How have viewership, TV ratings, and ad cost evolved over time?
Who are the most prolific musicians in terms of halftime show performances?
Left Shark Steals The ShowLeft Shark Steals The Show. Katy Perry performing at halftime of Super Bowl XLIX. Photo by Huntley Paton. Attribution-ShareAlike 2.0 Generic (CC BY-SA 2.0).

The dataset we'll use was scraped and polished from Wikipedia. It is made up of three CSV files, one with game data, one with TV data, and one with halftime musician data for all 52 Super Bowls through 2018. Let's take a look, using display() instead of print() since its output is much prettier in Jupyter Notebooks.

In [2]:
# Import pandas
import pandas as pd

# Load the CSV data into DataFrames
super_bowls = pd.read_csv('datasets/super_bowls.csv')
tv = pd.read_csv('datasets/tv.csv')
halftime_musicians = pd.read_csv('datasets/halftime_musicians.csv')

# Display the first five rows of each DataFrame
display(super_bowls.head())
display(tv.head())
display(halftime_musicians.head())

# 2. Taking note of dataset issues
For the Super Bowl game data, we can see the dataset appears whole except for missing values in the backup quarterback columns (qb_winner_2 and qb_loser_2), which make sense given most starting QBs in the Super Bowl (qb_winner_1 and qb_loser_1) play the entire game.

From the visual inspection of TV and halftime musicians data, there is only one missing value displayed, but I've got a hunch there are more. The Super Bowl goes all the way back to 1967, and the more granular columns (e.g. the number of songs for halftime musicians) probably weren't tracked reliably over time. Wikipedia is great but not perfect.

An inspection of the .info() output for tv and halftime_musicians shows us that there are multiple columns with null values.

In [None]:
# Import pandas
import pandas as pd

# Load the CSV data into DataFrames
super_bowls = pd.read_csv('datasets/super_bowls.csv')
tv = pd.read_csv('datasets/tv.csv')
halftime_musicians = pd.read_csv('datasets/halftime_musicians.csv')
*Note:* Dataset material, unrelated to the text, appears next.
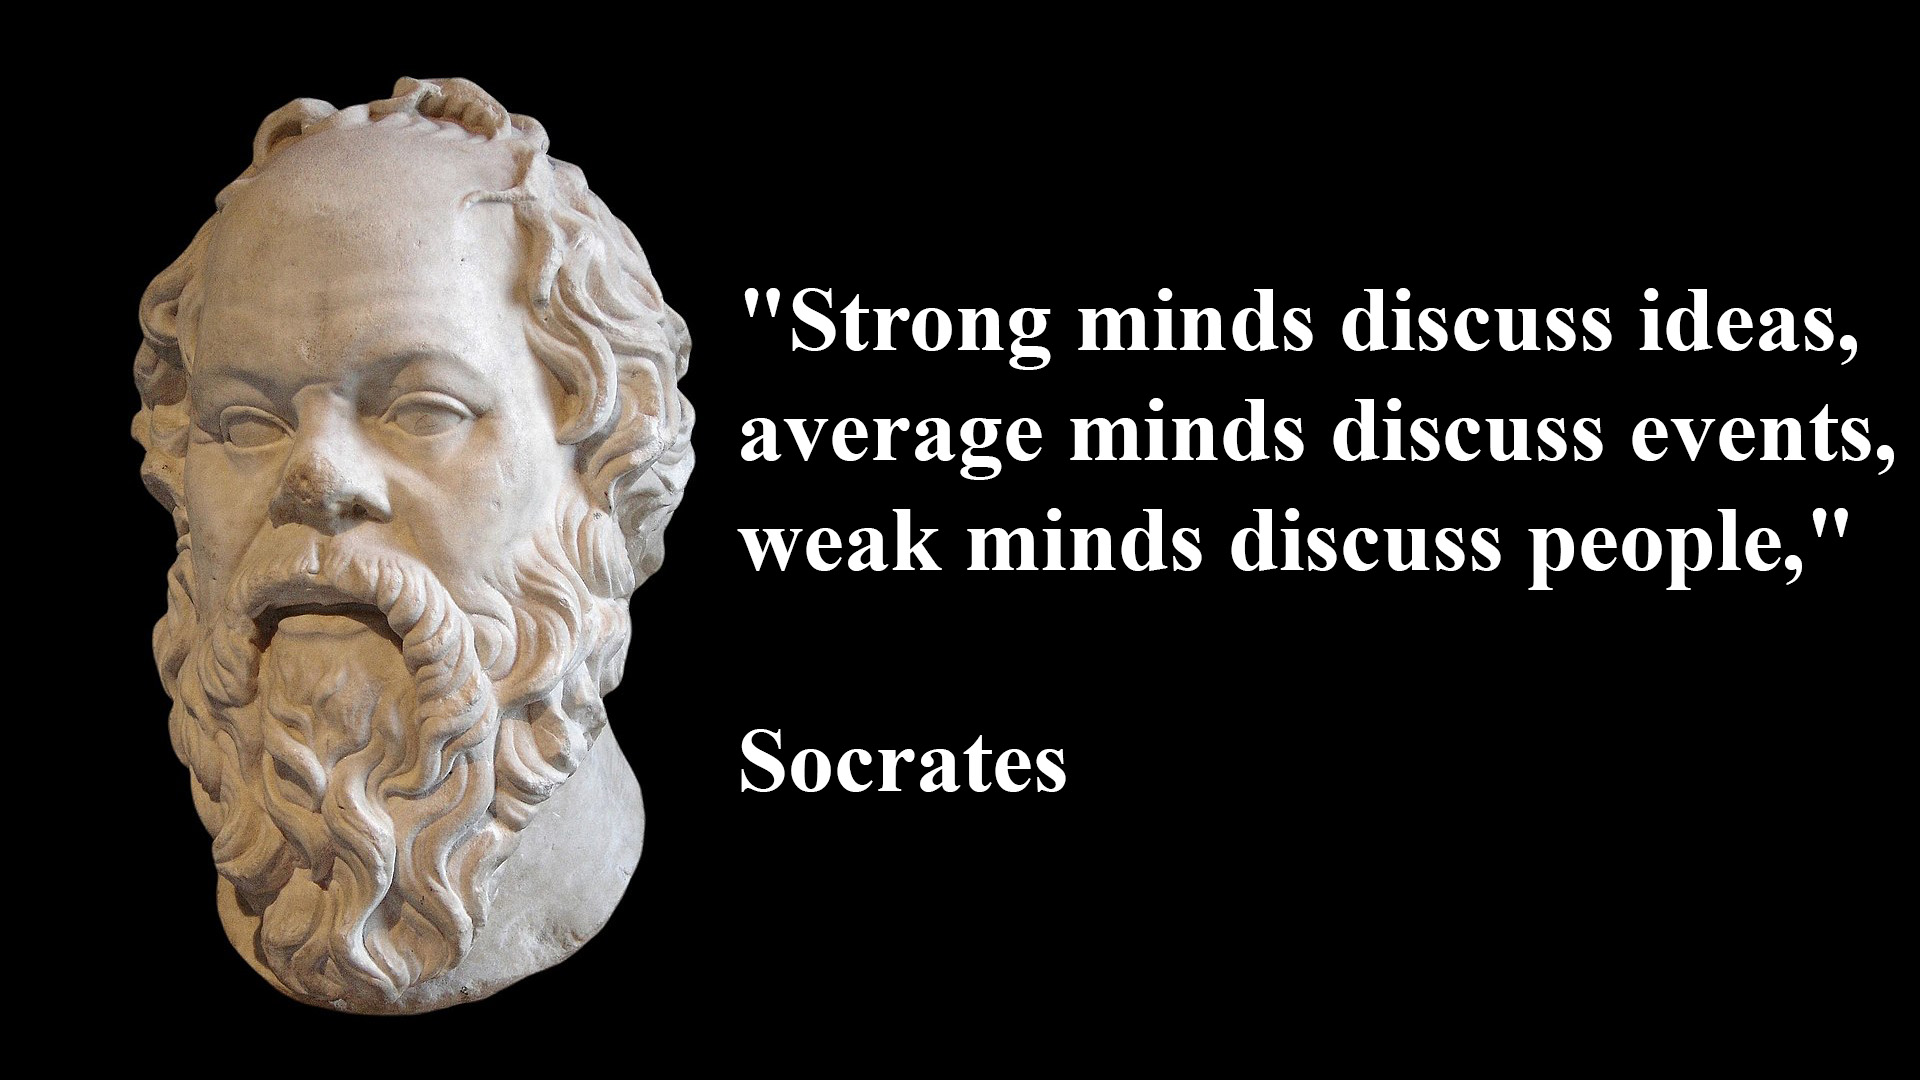 "Strong minds discuss ideas, average minds discuss events, weak minds discuss people

# Summary of the TV data to inspect
tv.info()

print('\n')
# Summary of the halftime musician data to inspect
halftime_musicians.info()

# 3. Combined points distribution
For the TV data, the following columns have missing values and a lot of them:

total_us_viewers (amount of U.S. viewers who watched at least some part of the broadcast)
rating_18_49 (average % of U.S. adults 18-49 who live in a household with a TV that were watching for the entire broadcast)
share_18_49 (average % of U.S. adults 18-49 who live in a household with a TV in use that were watching for the entire broadcast)
For the halftime musician data, there are missing numbers of songs performed (num_songs) for about a third of the performances.

There are a lot of potential reasons for these missing values. Was the data ever tracked? Was it lost in history? Is the research effort to make this data whole worth it? Maybe. Watching every Super Bowl halftime show to get song counts would be pretty fun. But we don't have the time to do that kind of stuff now! Let's take note of where the dataset isn't perfect and start uncovering some insights.

Let's start by looking at combined points for each Super Bowl by visualizing the distribution. Let's also pinpoint the Super Bowls with the highest and lowest scores.

In [None]:
# Import matplotlib and set plotting style
from matplotlib import pyplot as plt
%matplotlib inline
plt.style.use('seaborn')

# Import pandas
import pandas as pd

# Load the CSV data into DataFrames
super_bowls = pd.read_csv('datasets/super_bowls.csv')
# Plot a histogram of combined points
plt.hist(super_bowls["combined_pts"])
# ... YOUR CODE FOR TASK 3 ...
plt.xlabel('Combined Points')
plt.ylabel('Number of Super Bowls')
plt.show()

# Display the Super Bowls with the highest and lowest combined scores
display(super_bowls[super_bowls['combined_pts'] > 70])
display(super_bowls[super_bowls['combined_pts']<25])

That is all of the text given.